Por isto, a crise se abate de forma diferente sobre trabalhadores e patrões, assim como sobre países pobres e ricos. Aos trabalhadores, a crise apresenta-se como perspectiva de desemprego, redução de direitos e conquistas, aumento da precarização e da repressão aos movimentos sociais. Desta mesma forma, a crise gerada pelo neoliberalismo se expande para as economias do dito G-20 (países como Brasil, Índia, China), com a diminuição do crédito, aumento da taxa de juros, ou seja, política recessiva, para impedir o avanço da inflação, ao mesmo tempo em que os governos emprestam dinheiro a baixos juros a empresas e bancos, de forma protecionista, tentando evitar uma quebradeira ainda maior .Ao mesmo tempo, vive-se também a ameaça da deflação, já que como não há dinheiro circulando, os produtos se acumulam e baixam de preço. Recessão, desemprego, desaquecimento da economia, mais desemprego, mais recessão, mais desaquecimento…Contraditório? Não, capitalista.

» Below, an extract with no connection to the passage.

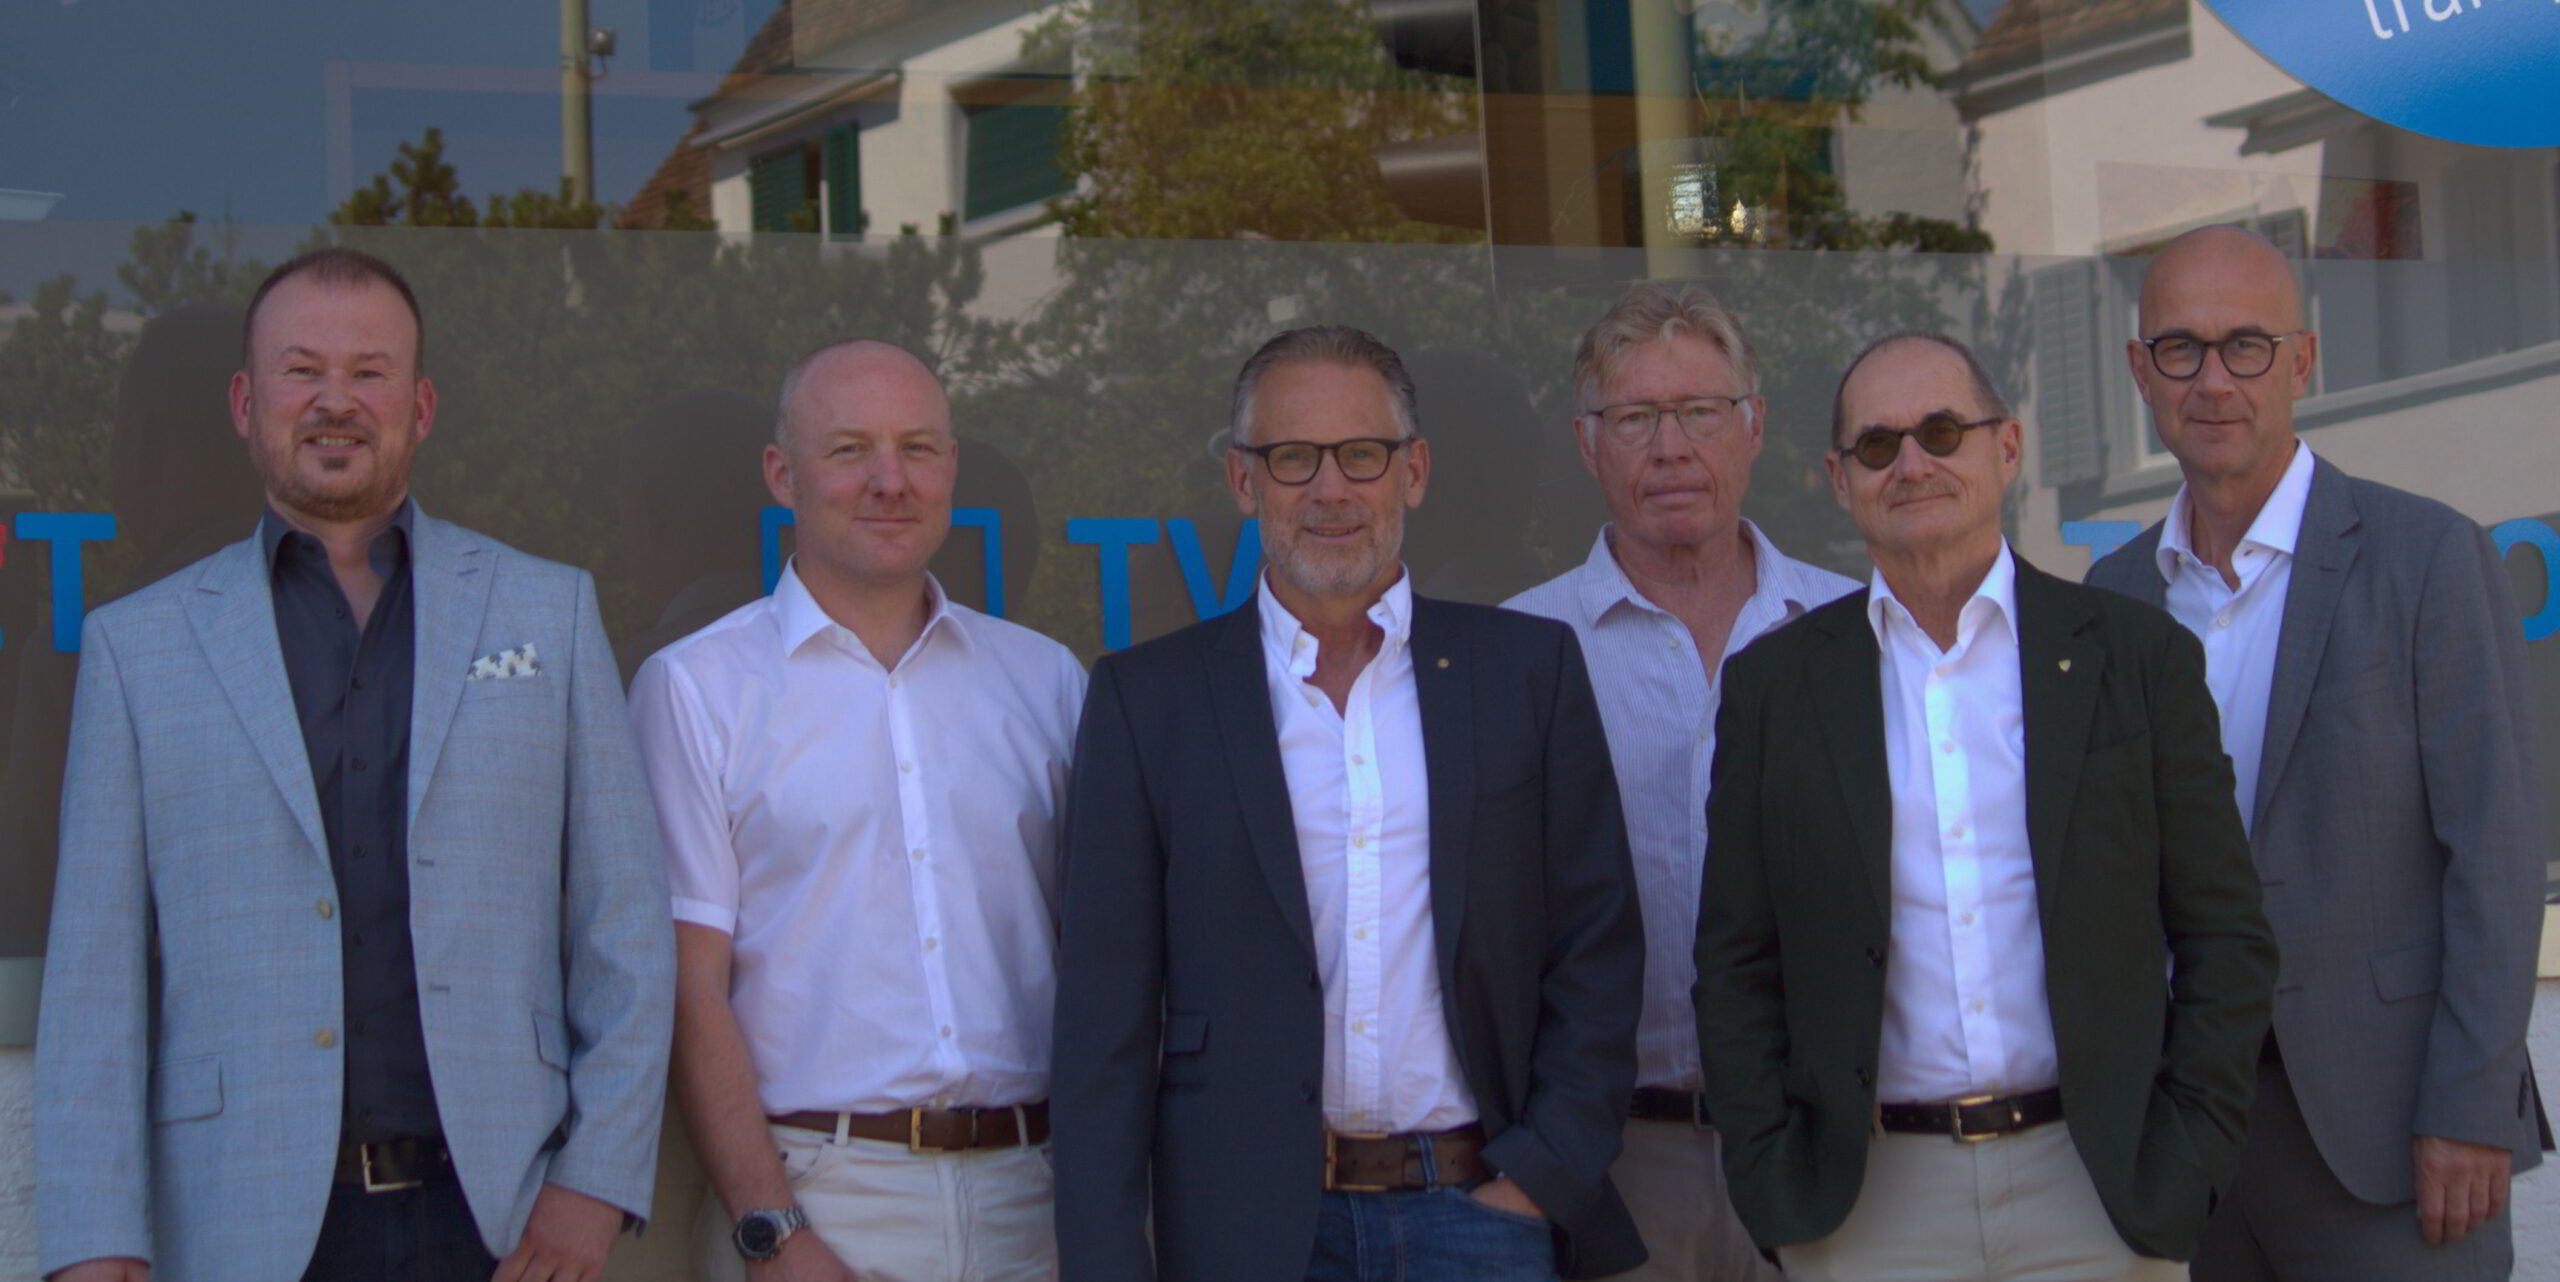 Marcel Forrer, Sven Guyer (Swisscom), Daniel Weber, Werner Fröhli, Peter Neuenschwander und Markus Reber (Swisscom) (v.l.) zeigten sich nach der Vertragsunterzeichnung zufrieden. (Bild: lfi)

Os mesmos economistas que antes defendiam autonomia total do mercado, agora defendem total apoio dos governos às empresas. Tem como entender? Tem sim. Na verdade, estamos falando da talvez maior crise do capitalismo, este sistema que defende a produção de todo tipo de bugigangas e todo o tipo de consumo. Em síntese, o capitalismo é isto: Precisa gerar o desejo de consumir o que não se precisa, produzir cada vez mais, pagar salários cada vez menores, vender cada vez mais para se ter cada vez menos. Cada vez mais mercado, cada vez mais compradores, mesmo que eles se endividem e nem precisem do que compram. Como os americanos que fabricaram casas a mais do que precisavam, para vender para quem não precisava, gerando uma crise que agora não conseguem resolver.

Cabe a nós, trabalhadores, a proposição de um novo modelo de sociedade, capaz de substituir o desenvolvimentismo irracional imposto pelo capitalismo, a lógica perversa do mercado, a perversidade da concentração absurda de renda para alguns poucos em detrimento da miséria absoluta de milhões de seres humanos. Mas talvez a ferida mais profunda desta crise seja expor ao mundo a irrefreada necessidade de consumo do primeiro mundo, que utiliza cerca de quatro quintos de tudo o que é produzido, de alimentos a energia, passando por papel, vestuário e bens de consumo, e desperdiça cerca de um terço de tudo isto.

Afinal, já dizia o profeta, socialismo ou barbárie. Pois que venha o socialismo, eis que a barbárie, já estamos vivendo.